I was born in Patras in 1971, where I grew up and received my primary and secondary education. In 1990 I moved to Athens to study Linguistics at the Department of Linguistics of the Faculty of Philology of the National and Kapodistrian University of Athens. I graduated in 1994 and in the next year I participated in the examinations of the State Scholarship Foundation of the Hellenic Republic and I was awarded the scholarship for postgraduate studies in Theoretical Linguistics in a university abroad. I chose to study in the University of Reading, UK, under the supervision of Prof. Irene Philippaki-Warburton. I received my MA in Theoretical Linguistics in 1996 and I continued my studies in the Ph.D. program of Theoretical Linguistics the next year. I completed my Ph.D. Thesis on “Agreement Relations in Greek” in 1999 and I successfully passed the viva examination and graduated in 2000.

In September 2001 I was appointed by the Department of Mediterranean Studies of the University of the Aegean, first as a Teaching Staff and then as a Lecturer of Linguistics. In 2009 I was appointed as a Lecturer by the Department of Linguistics of the Faculty of Philology of the National and Kapodistrian University of Athens, in which I currently serve as an Associate Professor with the specialization of Linguistics: Generative Syntax.

My main research interests lie on syntax and morphology and their interface with phonology. Within the Minimalist Program of the Principles and Parameters Theory and the Distributed Morphology framework, I have worked on issues regarding (a) the morphosyntax of Greek verb and clitics, (b) the Greek clause structure, (c) subject-verb agreement and pro-drop, (c) control, raising and quasi-ECM constructions, (d) case conflict situations in free relatives, (e) the effects of syntactic derivation on prosodification, (f) small clause structure and agreement between the secondary predicate and its “subject”, (g) full vs. partial agreement and gender conflict resolution in coordination, (h) the morphophonology of Greek verbal system and more specifically the exponence of little v, the exponence of past Tense and root allomorphy, (i) the effect of syntactic derivation in determining the stress patterns of verb forms and derivational constructions, (j) Classical Greek infinitives and and their subjects, (k) Classical Greek participles and absolute constructions, (l) Classical Greek prepositions, (m) the decomposition of case into features, and (n) strong island phenomena.

I am also interested in Greek dialectology and more specifically in the documentation and description of Asia Minor Greek dialects and varieties such as Pontic, Cappadocian, Pharasiot, Silliot, etc. I have worked on various issues regarding their morphosyntactic structure, such as Differential Case Marking, nominal inflection, the development of agglutinative patterns and the impact of the long-term language contact with Turkish. I have also investigated Greek-Turkish contact in the Greek and Turkish varieties of the bilingual Muslim community of Rhodes.

Another area I am interested in is the grammatical description of Greek.
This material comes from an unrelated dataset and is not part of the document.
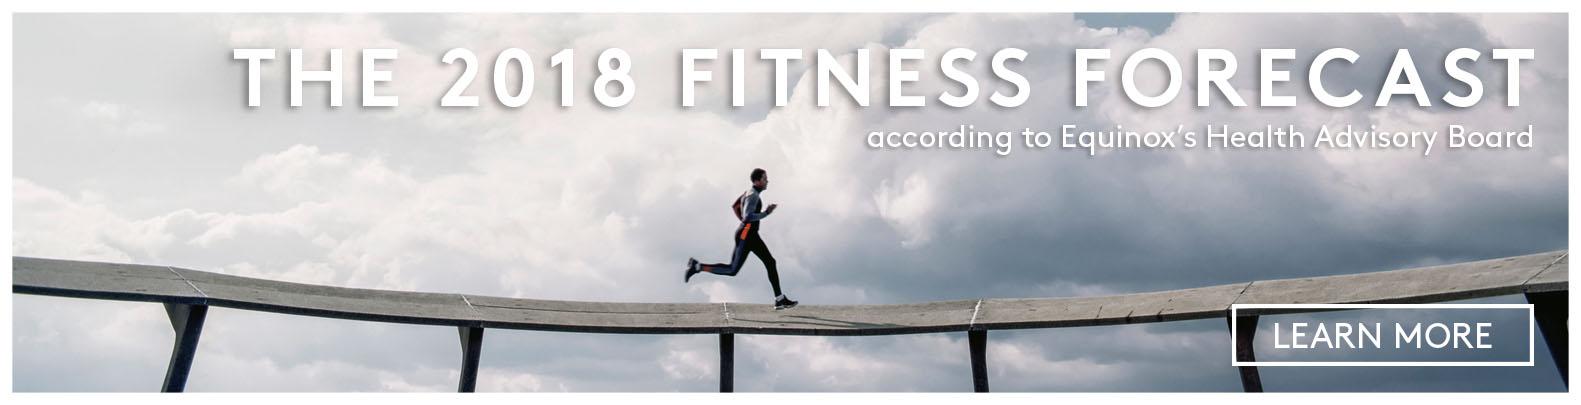 2018 Fitness Forecast

I translated and adopted in Greek the book Greek: A Comprehensive Grammar of the Modern Language by Peter Mackridge, David Holton & Irene Philippaki-Warburton (Routledge, 1997), which I subsequently revised in its second edition (Routledge, 2012). I have also worked on comparative descriptions of Greek with Turkish and Albanian within the relevant actions of three research projects: (a) Program for the Education of Muslim Children – Action: Greek as a foreign language for secondary school (muslim) students: Grammar and teaching (National and Kapodistrian University of Athens); (b) Pythagoras Project – Action: A comparative study of Greek – Turkish: Grammatical analysis and acquisition of Turkish as a foreign language (University of the Aegean); (c) Education of Foreigner and Repatriated Students – Action: Reinforcement of students’ mother tongue (Aristotle University of Thessaloniki).  
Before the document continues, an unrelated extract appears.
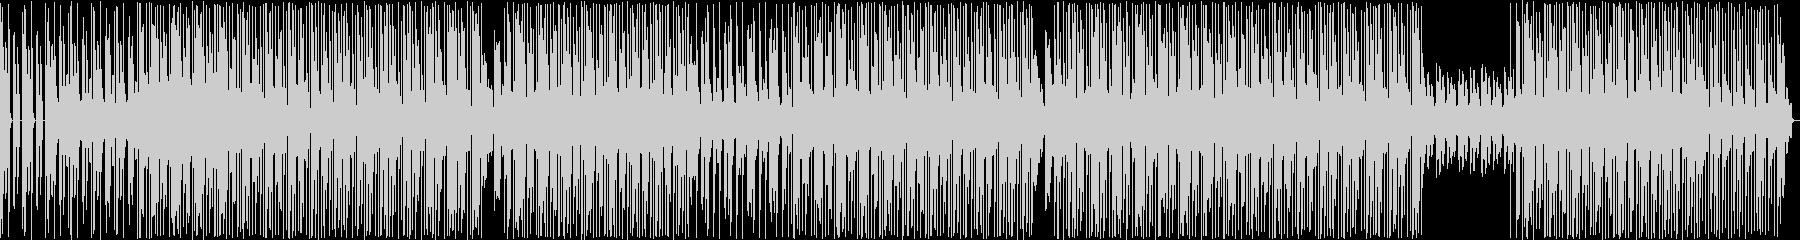 HIPHOPトラック 爽やか系 軽やか系の未再生の波形

Finally, I have worked on the diachronic development of certain morphosyntactic phenomena in Greek, such as the development of the mood system and of the clause structure from Ancient to Modern Greek, the development of second and non-second position clitics in Standard Modern Greek and its dialects from the clitic system of Koine Greek, the development of agglutinative patterns and harmony-like processes in the nominal inflection of Central Asia Minor Greek dialects, and the development of the morphology and syntax of participles from Ancient to Modern Greek through the stage of Medieval Greek.